Le plus difficile dans ce roman, est de franchir la première centaine de pages. Les questions vous assaillent sans cesse. Qu’ont donc à voir ces multiples personnages qui semblent désarticulés, éparpillés entre un Berlin réunifié, un Londres glauque, un New-York hébété par l’effondrement des tours jumelles du World Trade Center ?
K. Hacker nous ballade au gré de chapitres courts écrits avec une férocité contre la vie sans concession, dressant peu à peu un univers sombre, démuni de tout espoir, psychologiquement et physiquement violent. Il y a un trouble permanent dans ces pages denses qui incite le lecteur à poursuivre la recherche d’un sens jusque là énigmatique. Les près de deux cent soixante dix pages qui vont suivre vont peu à peu créer un fil d’Ariane entre ces personnages ballotés par la vie. Des démunis car vivant dans la misère crasse, l’angoisse d’une vie sans espoir ou parce qu’ils sont simplement incapables d’avoir prise sur les évènements et le monde en crise qui ouvre le nouveau siècle.
Le roman tourne autour de deux trentenaires allemands, Jakob et Isabelle. Jakob, l’avocat d’affaires berlinois spécialisé dans les questions de restitutions aux Juifs de biens immobiliers confisqués sous le régime nazi. Isabelle, la belle et énigmatique dessinatrice, troublante par une sexualité que l’on devine ambivalente et dont Jakob tomba follement amoureux, en vain.
Par hasard, ils retombent l’un sur l’autre et c’est le coup de foudre. Très vite, ils décident de se marier et Isabelle suit Jakob à Londres où son mari est nommé pour prendre la place d’un associé d’un grand cabinet d’avocats d’affaires disparu dans l’attentat du 11 Septembre. Mariés très vite, trop vite, Jakob et Isabelle restent un mystère l’un pour l’autre. Plus Jakob est accaparé par son travail, plus Isabelle s’éloigne jusqu’à devenir des presque inconnus l’un pour l’autre.

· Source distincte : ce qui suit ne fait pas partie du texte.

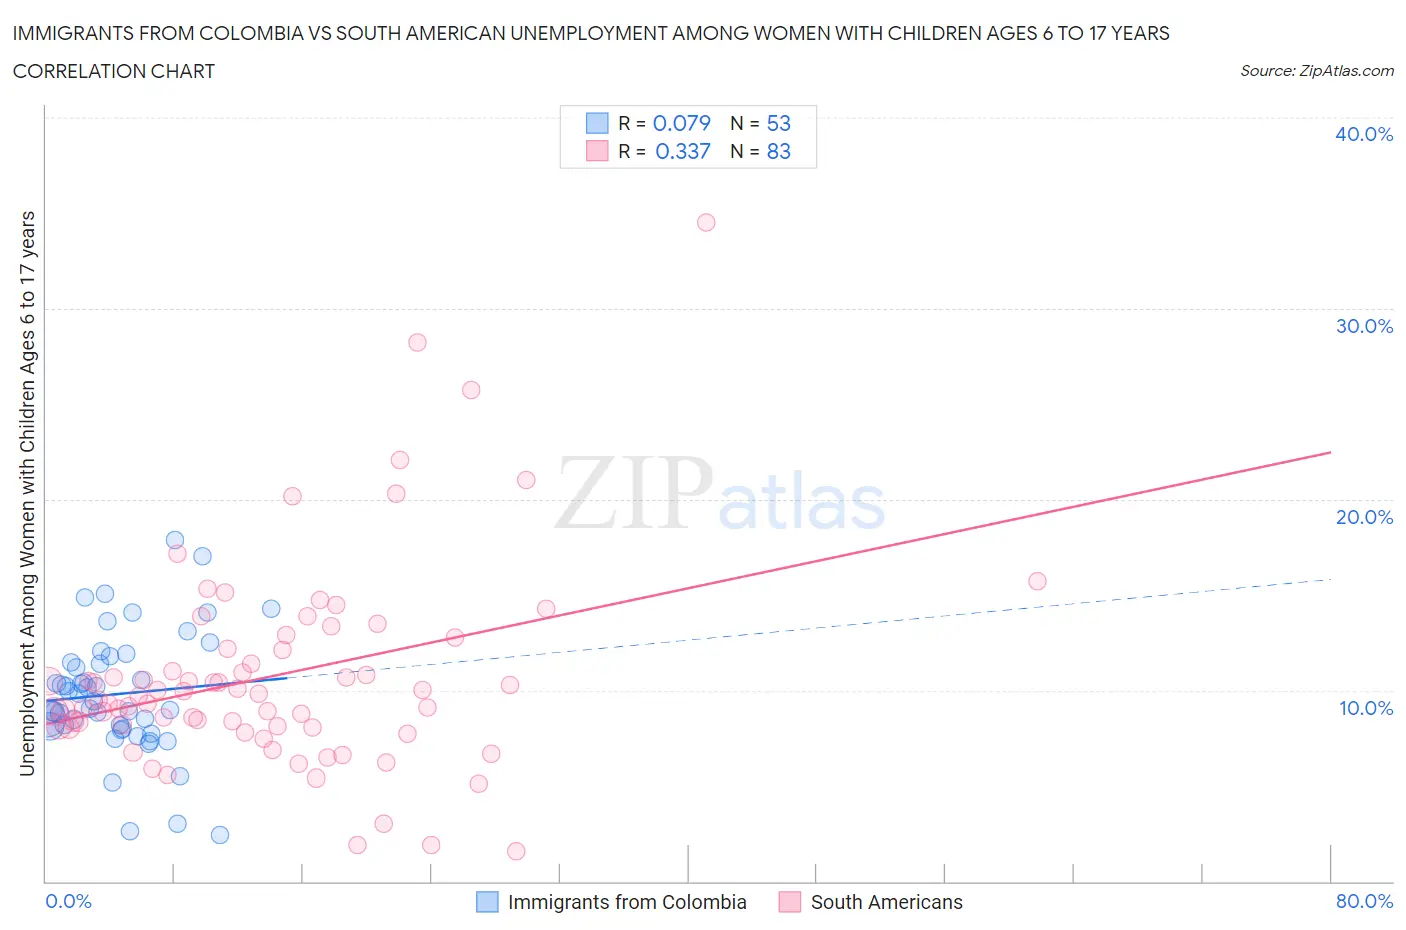 Immigrants from Colombia vs South American Unemployment Among Women with Children Ages 6 to 17 years

Nous découvrons alors qu’une partie des personnages disséminés dans les chapitres initiaux habitent la même rue londonienne que le couple. Que se passe-t-il dans l’appartement voisin d’Isabelle qui résonne de coups, de hurlements et dont les murs semblent recéler une violence inouïe ? Qui est cette étrange petite fille bossue et laide qui torture son chat ? Pourquoi le junky qui habite la maison d’en face est-il fasciné par Isabelle et comment va-t-il peu à peu l’encercler, la faire tomber dans les rets interlopes au fur et à mesure qu’elle s’éloigne affectivement de son mari ? Quel est le secret du patron de Jakob ? Avec une habileté redoutable, K. Hacker noue des liens entre ses personnages qui se mettent en route vers une fin qu’on devine nécessairement tragique.
L’alternance de moments apparemment paisibles, où l’amour se construit, avec des scènes de plus en plus nombreuses d’une grande violence plonge le lecteur dans un malaise grandissant, proche de l’angoisse. Une plongée vers l’abîme est certaine et c’est cette descente dans l’inconnu qui fascine.
Nous découvrons alors le Londres violent, celui des meurtres et des disparitions, de la prostitution et de la drogue, de la terreur par la violence. Par bien des côtés, le roman rappelle la montée continue vers le drame violent qu’un McEwan mettait en scène dans « Samedi ».
Ce livre est un coup de poing dans la figure. On en sort ébranlé et mal à l’aise autant qu’époustouflé par la maîtrise littéraire. Il fut couronné du « Deutscher Buchpreis » en 2006.